Yellowstone volcano eruption update: SHOCK theory reveals Yellowstone power | Science | News

Geologists at the Virginia Polytechnic Institute and State University (Virginia Tech) may have discovered an untaped source of the supervolcano’s destructive power.

Until recently, scientists believed Yellowstone draws energy directly from the Earth’s core in the same way most active volcanoes do.

But X-ray scans of the Yellowstone volcano chain reveal an ancient ocean plate could be the real culprit behind Yellowstone’s power.

Virginia Tech associate professor Ying Zhou recently published her latest Yellowstone findings in the science journal Natural Geoscience.

The volcano expert claimed to have found no evidence of volcanic heat rising upwards from the Earth’s core and into the volcano.

Instead, she suggested the system was created 30 million years ago when an ancient plate was driven like a wedge beneath what is today the Western US.

She said: “This ancient oceanic plate broke into pieces, resulting in perturbations of unusual rocks in the mantle which led to volcanic eruptions in the past 16 million years.”

These past Yellowstone eruptions would have been extremely violent and explosive.

The oceanic plate in question was dubbed the Farallon plate and as parts of it tore off during subduction, they sunk into deep earth.

The sinking plate fragments forced hot material to be released upwards and eventually formed the Yellowstone volcano chain, which stretches across Montana, Wyoming, Idaho, Utah and Nevada.

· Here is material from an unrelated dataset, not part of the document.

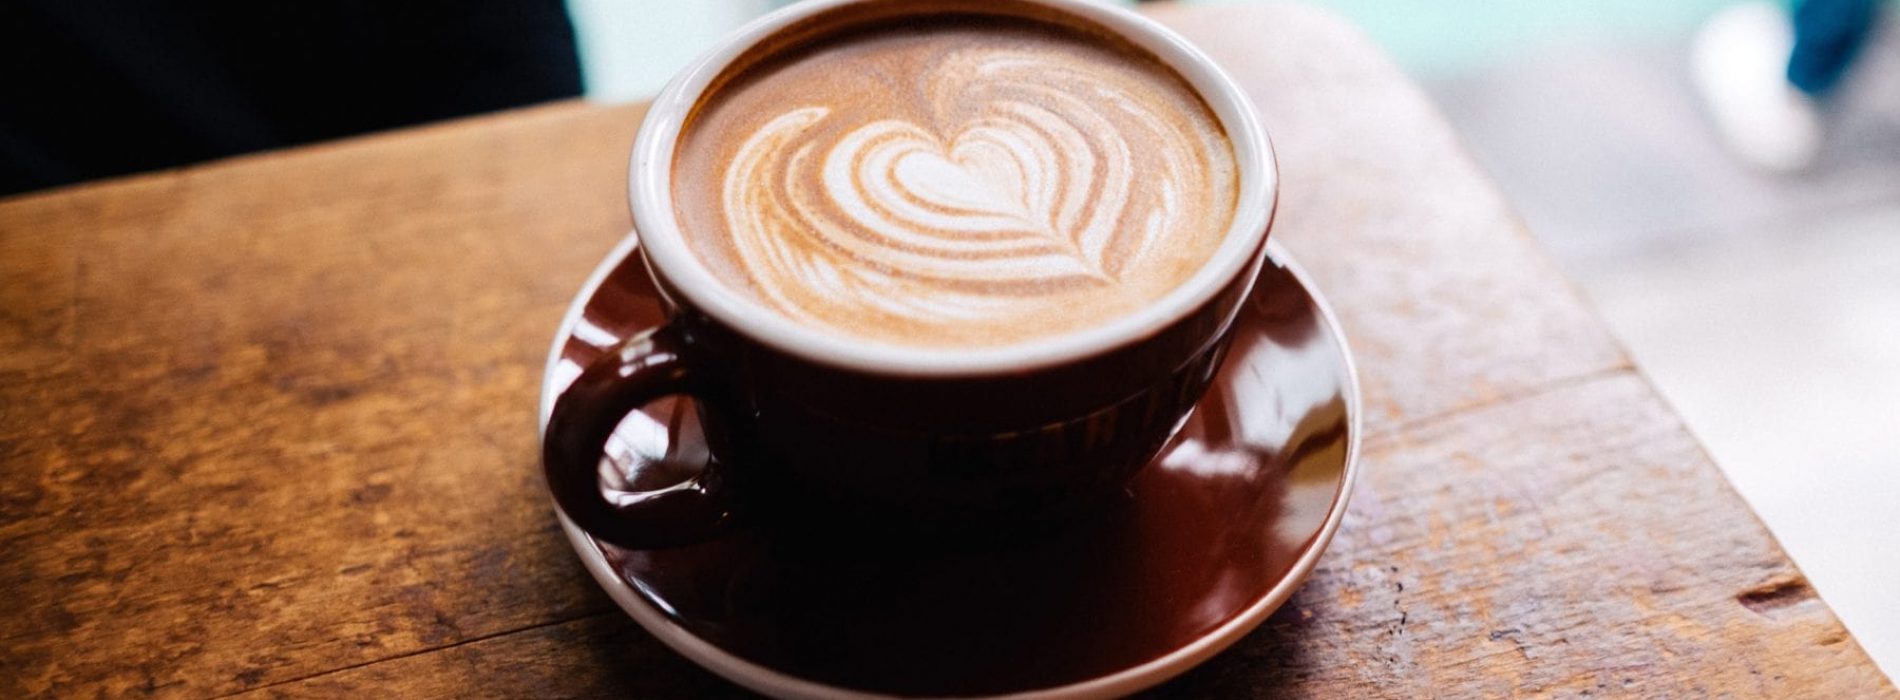 Duurzame koffie: een kwestie van weten wat je drinkt
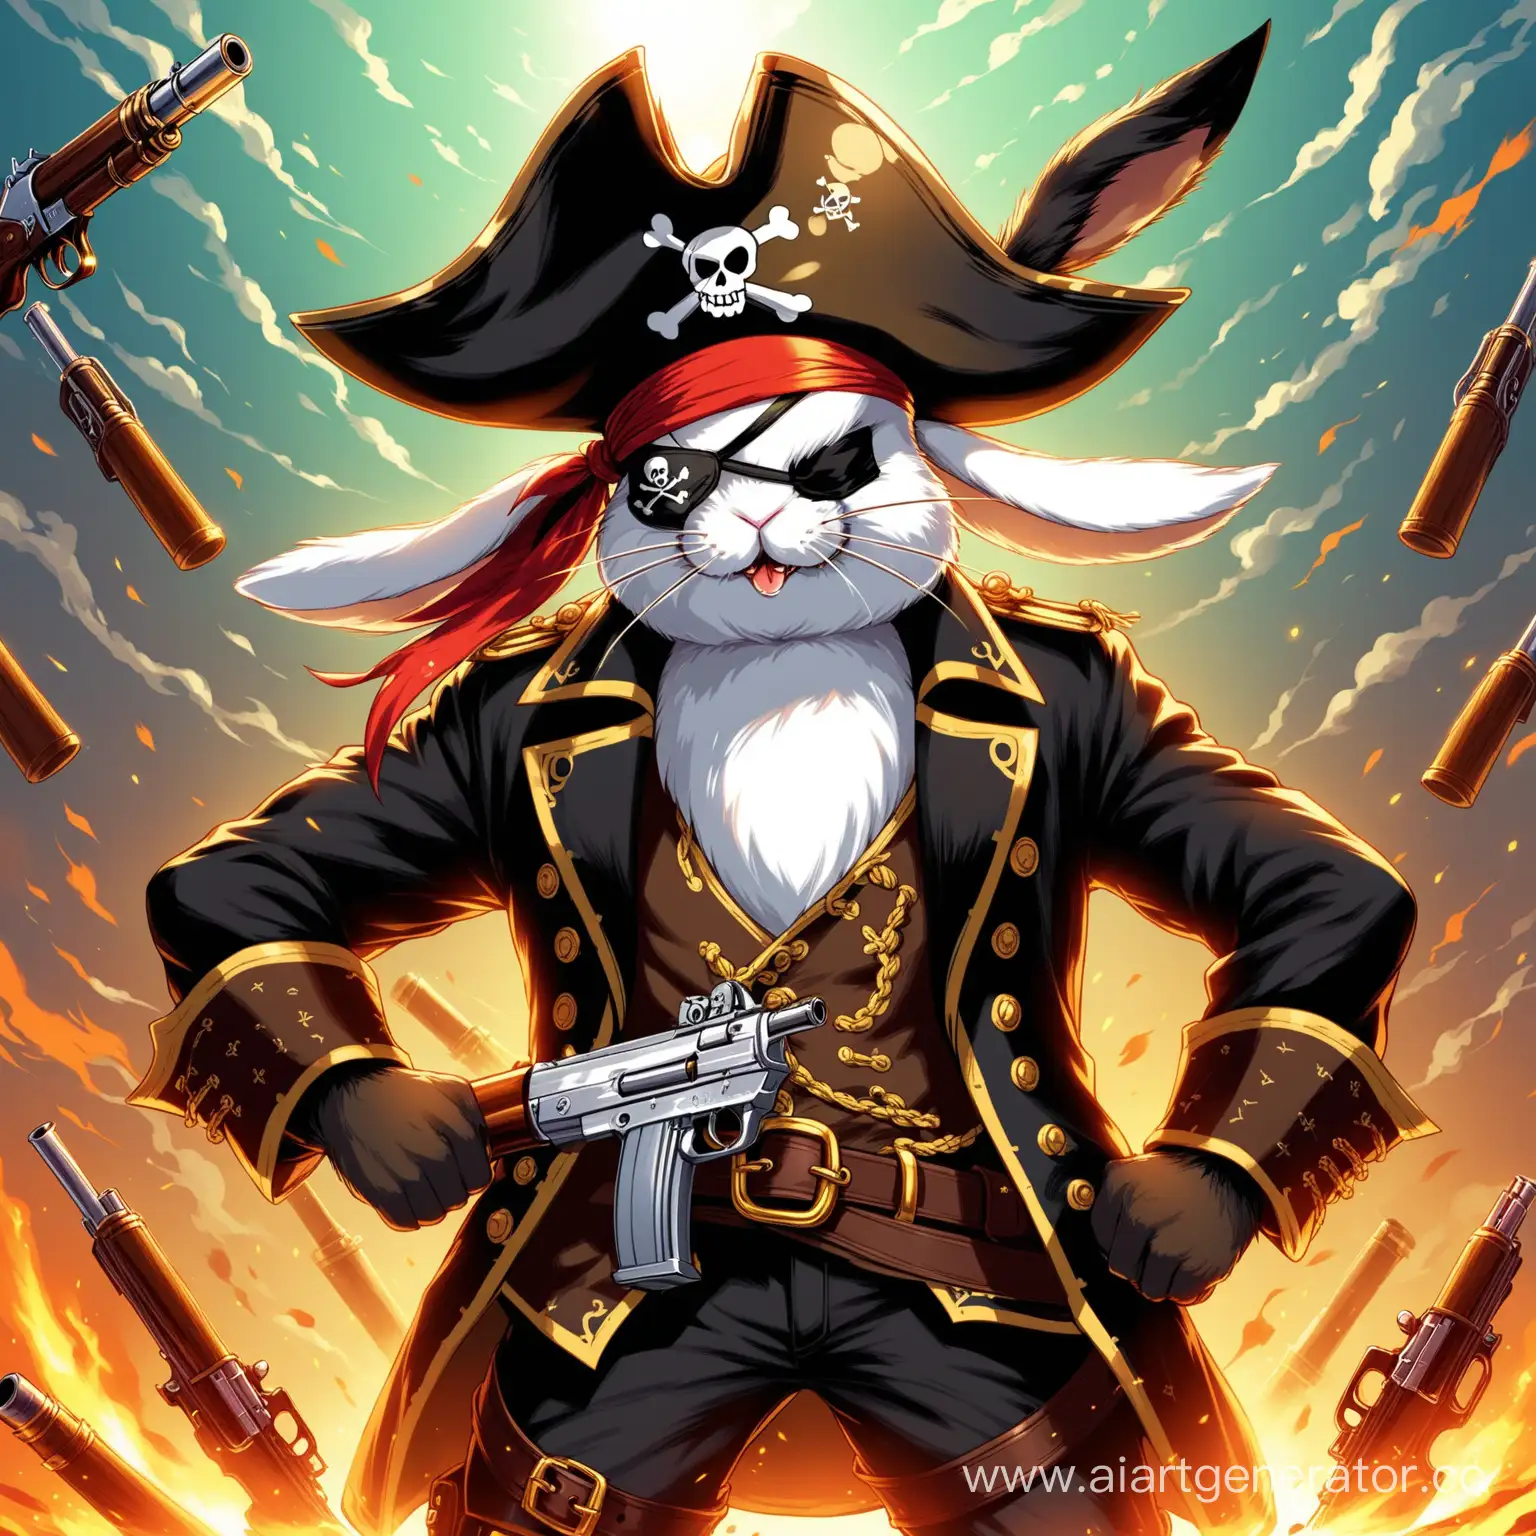 Fierce-Rabbit-Pirate-Wielding-Guns

Professor Zhou said: “The process started at the Oregon-Idaho border about 16 million years ago and propagated northwestward, forming a line of volcanoes that are progressively younger as they stretched northwest to present-day Wyoming.”

The volcano expert and her fellow Virginia Tech researchers came to the startling conclusion after using X-ray like scans to dig deep into the volcano.

With the aid of the so-called USArray, a network of seismographs spread across the USA, the geologists found an unusual structure between 250 and 400 miles beneath the chain of Yellowstone volcanoes.

Professor Zhou said the findings are a “direct contradiction” of the widely accepted plume model.

If the plume model was correct, the expert argued the moving North American plate would have displaced some of the older volcanoes sitting over the fixed plume near the Oregon-Idaho border.

She said scientists up until now have been unsuccessful in determining why the Yellowstone volcanoes are located where they are.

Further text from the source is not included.